Re: [Openstack-operators] Neutron getting stuck creating namespaces

2015-11-24 Thread Saverio Proto
Hello Xav,

what version of Openstack are you running ?

thank you

Saverio


2015-11-23 20:04 GMT+01:00 Xav Paice :
> Hi,
>
> Over the last few months we've had a few incidents where the process to
> create network namespaces (Neutron, OVS) on the network nodes gets 'stuck'
> and prevents not only the router it's trying to create from finishing, but
> all further namespace operations too.
>
> This has usually finished up with either us rebooting the node pretty fast
> afterwards, or the node rebooting itself.
>
> It looks very much like we're affected by
> https://bugs.launchpad.net/ubuntu/+source/linux/+bug/1403152 but the notes
> say it's fixed in the kernel we're running.  I've asked the clever person
> who checked it to make some extra notes in the bug report.
>
> It looks very much like when we have a bunch of load on the box the thing is
> more likely to trigger - I was wondering if other ops have a max ratio of
> routers per network node?  I would have thought our current max of 150
> routers per node would be pretty light, but with the dhcp namespaces as well
> that's ~450 namespaces on a box and maybe that's an issue?
>
> Thanks
>
> ___
> OpenStack-operators mailing list
> OpenStack-operators@lists.openstack.org
> http://lists.openstack.org/cgi-bin/mailman/listinfo/openstack-operators
>

___
OpenStack-operators mailing list
OpenStack-operators@lists.openstack.org
http://lists.openstack.org/cgi-bin/mailman/listinfo/openstack-operators


Re: [Openstack-operators] Neutron getting stuck creating namespaces

2015-11-24 Thread Saverio Proto
Hello Xav,

we also had problems with namespaces in Juno. Maybe a little different
than what you describe.

we are running about 250 namespaces in our network node. When we
reboot the network node we observe that some namespaces have qr-* and
qg-* interfaces missing.

we believe that is because the control plane in neutron juno performs
very badly. This is probably fixed in Kilo.
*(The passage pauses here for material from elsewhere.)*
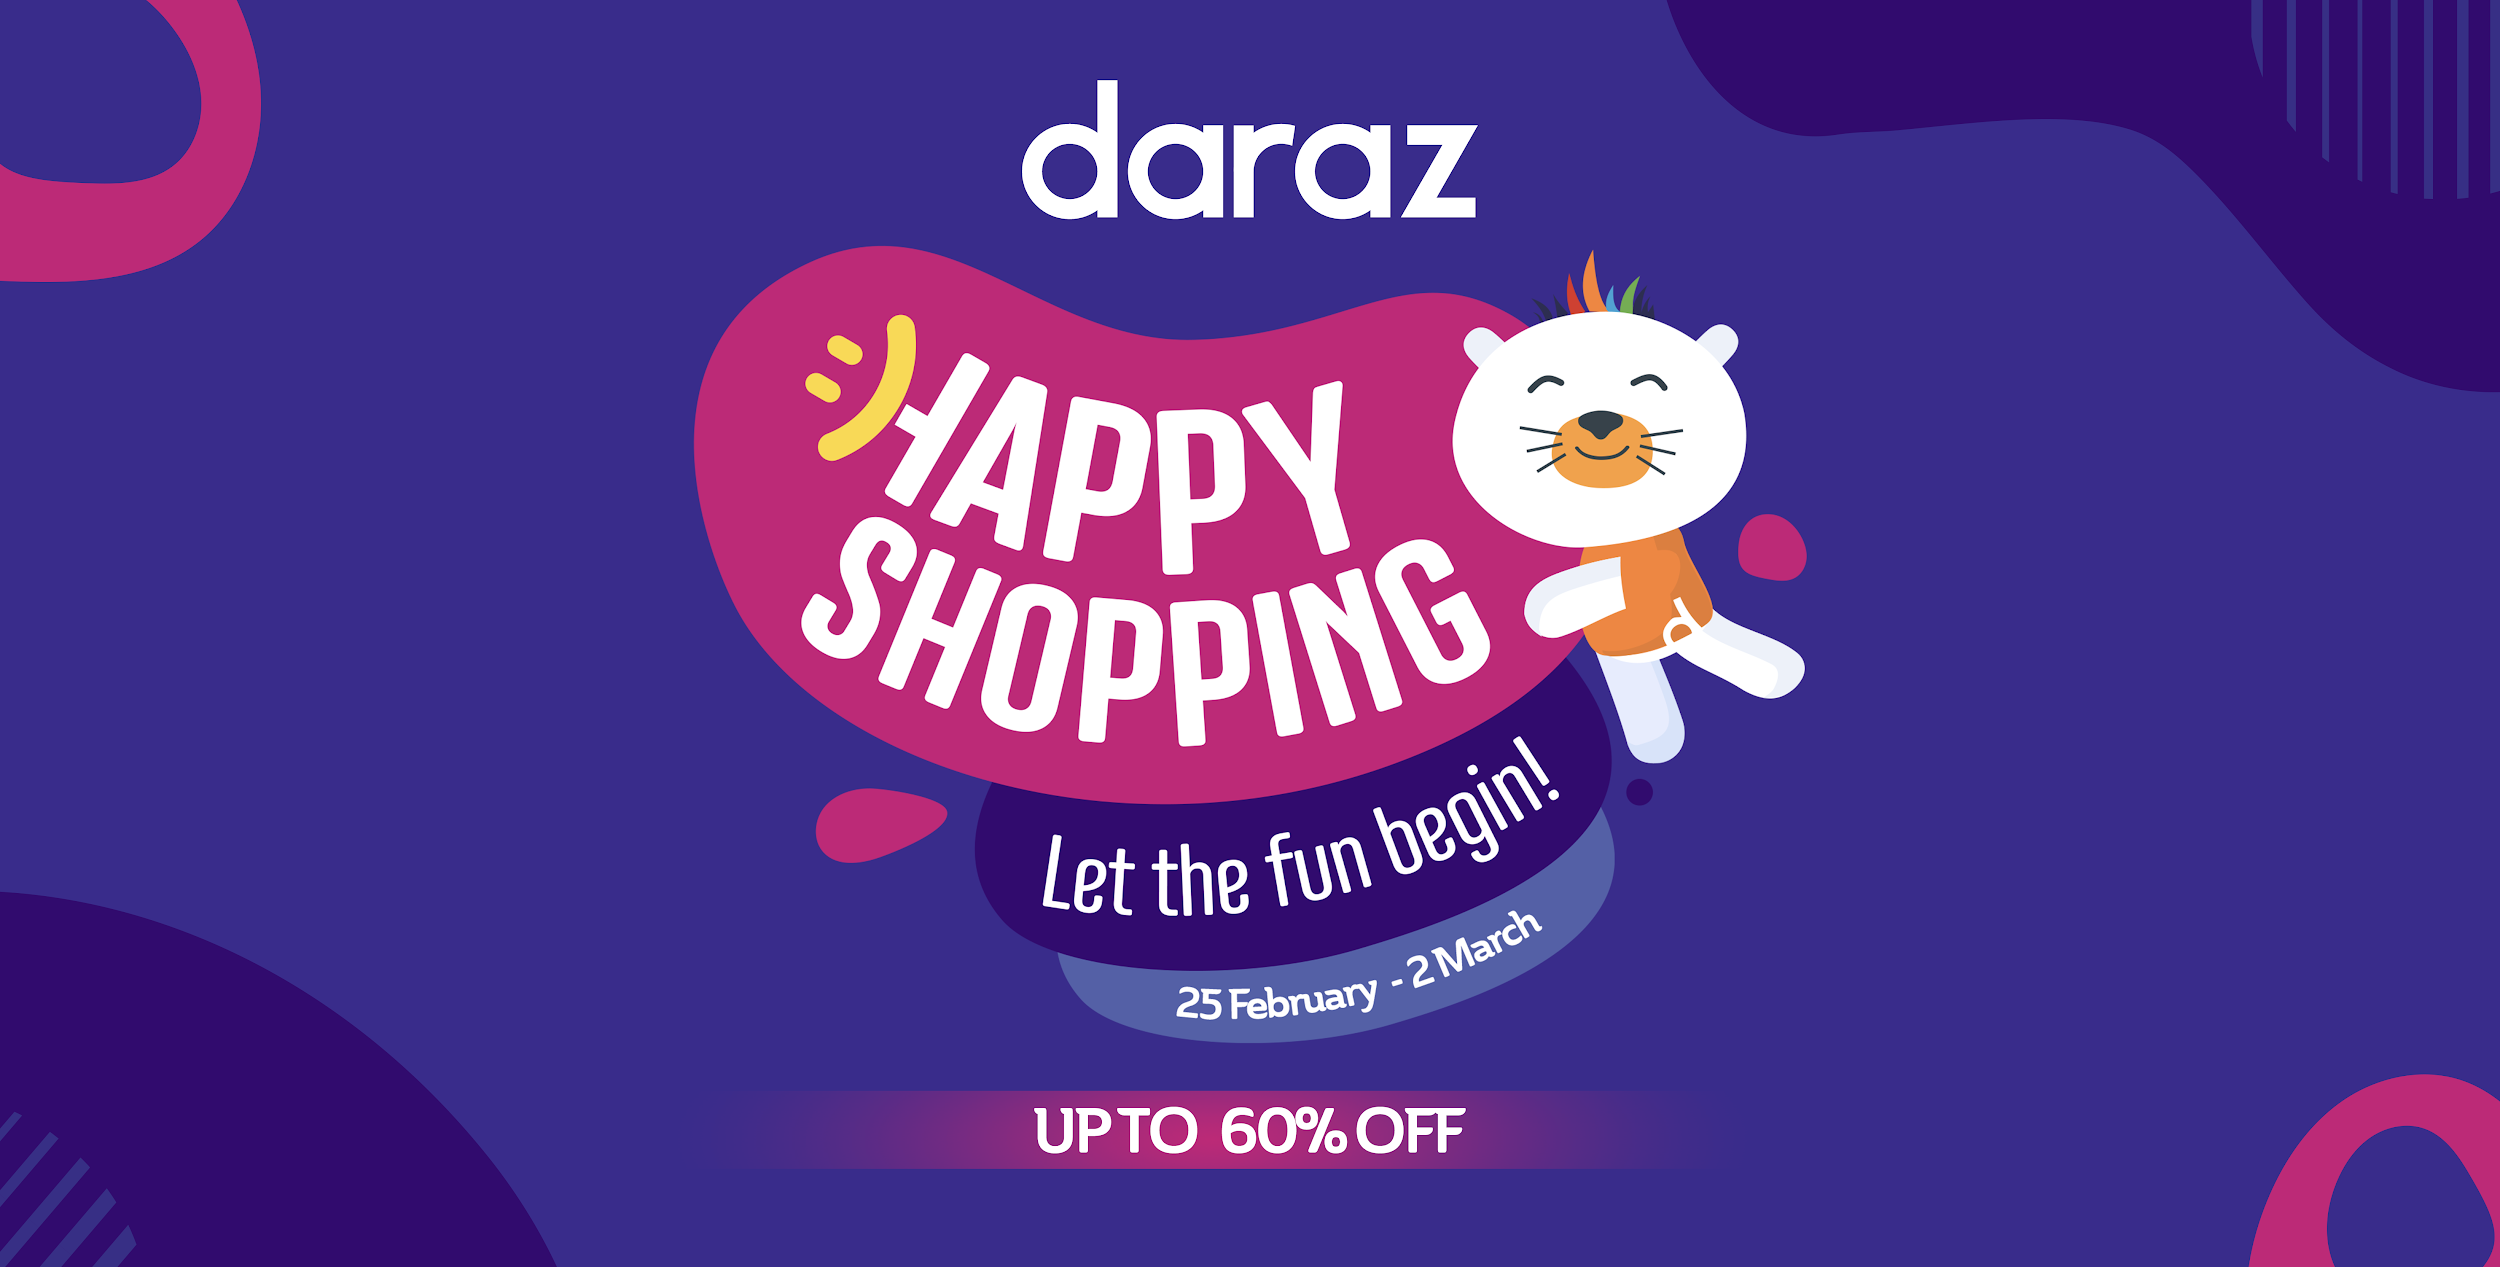 daraz-appy-shopping

to work around it, after the network node is up and running, we do
reset the namespaces that have interfaces missing:

 neutron router-update  --admin-state-up false
  sleep 5
  neutron router-update  --admin-state-up true

Saverio





2015-11-24 9:51 GMT+01:00 Xav Paice :
> Neutron is Juno, on Trusty boxes with the 3.19 LTS kernel.  We're in the
> process of updating to Kilo, and onwards to Liberty.
>
> On 24 November 2015 at 21:24, Saverio Proto  wrote:
>>
>> Hello Xav,
>>
>> what version of Openstack are you running ?
>>
>> thank you
>>
>> Saverio
>>
>>
>> 2015-11-23 20:04 GMT+01:00 Xav Paice :
>> > Hi,
>> >
>> > Over the last few months we've had a few incidents where the process to
>> > create network namespaces (Neutron, OVS) on the network nodes gets
>> > 'stuck'
>> > and prevents not only the router it's trying to create from finishing,
>> > but
>> > all further namespace operations too.
>> >
>> > This has usually finished up with either us rebooting the node pretty
>> > fast
>> > afterwards, or the node rebooting itself.
>> >
>> > It looks very much like we're affected by
>> > https://bugs.launchpad.net/ubuntu/+source/linux/+bug/1403152 but the
>> > notes
>> > say it's fixed in the kernel we're running.  I've asked the clever
>> > person
>> > who checked it to make some extra notes in the bug report.
>> >
>> > It looks very much like when we have a bunch of load on the box the
>> > thing is
>> > more likely to trigger - I was wondering if other ops have a max ratio
>> > of
>> > routers per network node?  I would have thought our current max of 150
>> > routers per node would be pretty light, but with the dhcp namespaces as
>> > well
>> > that's ~450 namespaces on a box and maybe that's an issue?
>> >
>> > Thanks
>> >
>> > ___
>> > OpenStack-operators mailing list
>> > OpenStack-operators@lists.openstack.org
>> > http://lists.openstack.org/cgi-bin/mailman/listinfo/openstack-operators
>> >
>
>

___
OpenStack-operators mailing list
OpenStack-operators@lists.openstack.org
http://lists.openstack.org/cgi-bin/mailman/listinfo/openstack-operators


Re: [Openstack-operators] Neutron getting stuck creating namespaces

2015-11-24 Thread Bajin, Joseph
We haven’t seen the bad namespaces issue, but we have experienced an issue 
where our node eventually started to see soft lockups like these:

kernel: BUG: soft lockup - CPU#0 stuck for 22s!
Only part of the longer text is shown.